A gateway that lives inside your application, not beside it.
Most AI gateways are designed as standalone services — you point your app at them and they proxy your requests. That works until you need something the gateway does not support out of the box. At that point, you are either forking it, working around it, or giving up on the customization entirely.
Hebo Gateway takes a different approach, closer to how better-auth thinks about authentication: a library you embed in your application, not a platform you integrate with. It mounts directly into your existing server (Elysia, Hono, Next.js, ...), or any framework with a standard fetch handler. No new process to run, no separate infrastructure to manage.
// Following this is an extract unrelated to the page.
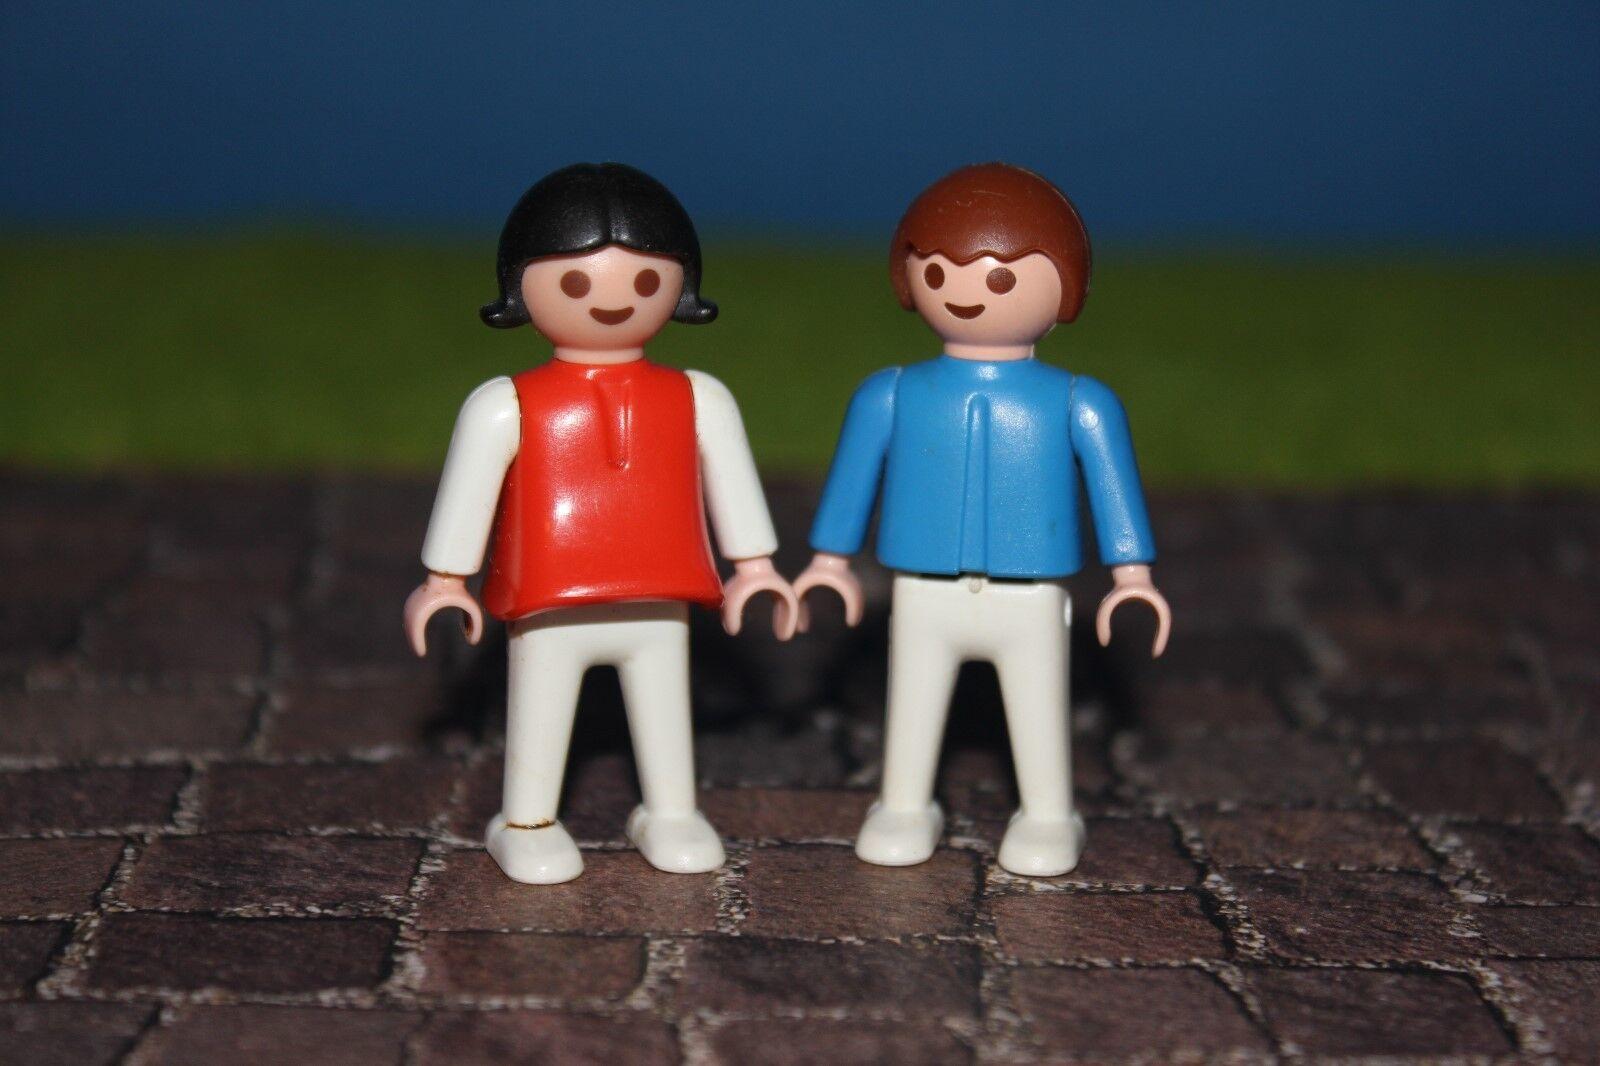 Playmobil Wöhrl  Bambini Promozione Personaggio Pubblicitario Promotions  fino al 60% di sconto

Extensible by design, not by exception.
Because the gateway runs inside your application, you have full access to the request lifecycle through a hooks system. You can add custom authentication, enforce rate limits against your own database, implement dynamic model routing based on user tier, inject observability into every call, or transform requests and responses — all without touching the gateway core code.
This is intentionally different from plugin systems bolted on after the fact. The hooks are first-class — they are how you are expected to customize behavior, so they are stable, well-defined, and composable.
Provider differences are still real — we absorb them.
Underneath the embeddability story, the normalization work is still there. Temperature ranges do not line up across providers. Reasoning effort is expressed in tokens for some models, as low / medium / high for others. Tool calling may require thought signatures, hidden flags, or model-specific syntax. Hebo normalizes these rough edges so a single OpenAI-compatible endpoint behaves consistently across models — and stays compatible with Vercel AI SDK, LangChain, and any other SDK that speaks the OpenAI interface.
You can start with our managed providers and free tiers, then progressively bring your own credentials from Groq, AWS, GCP, or others. All without changing how your application talks to models.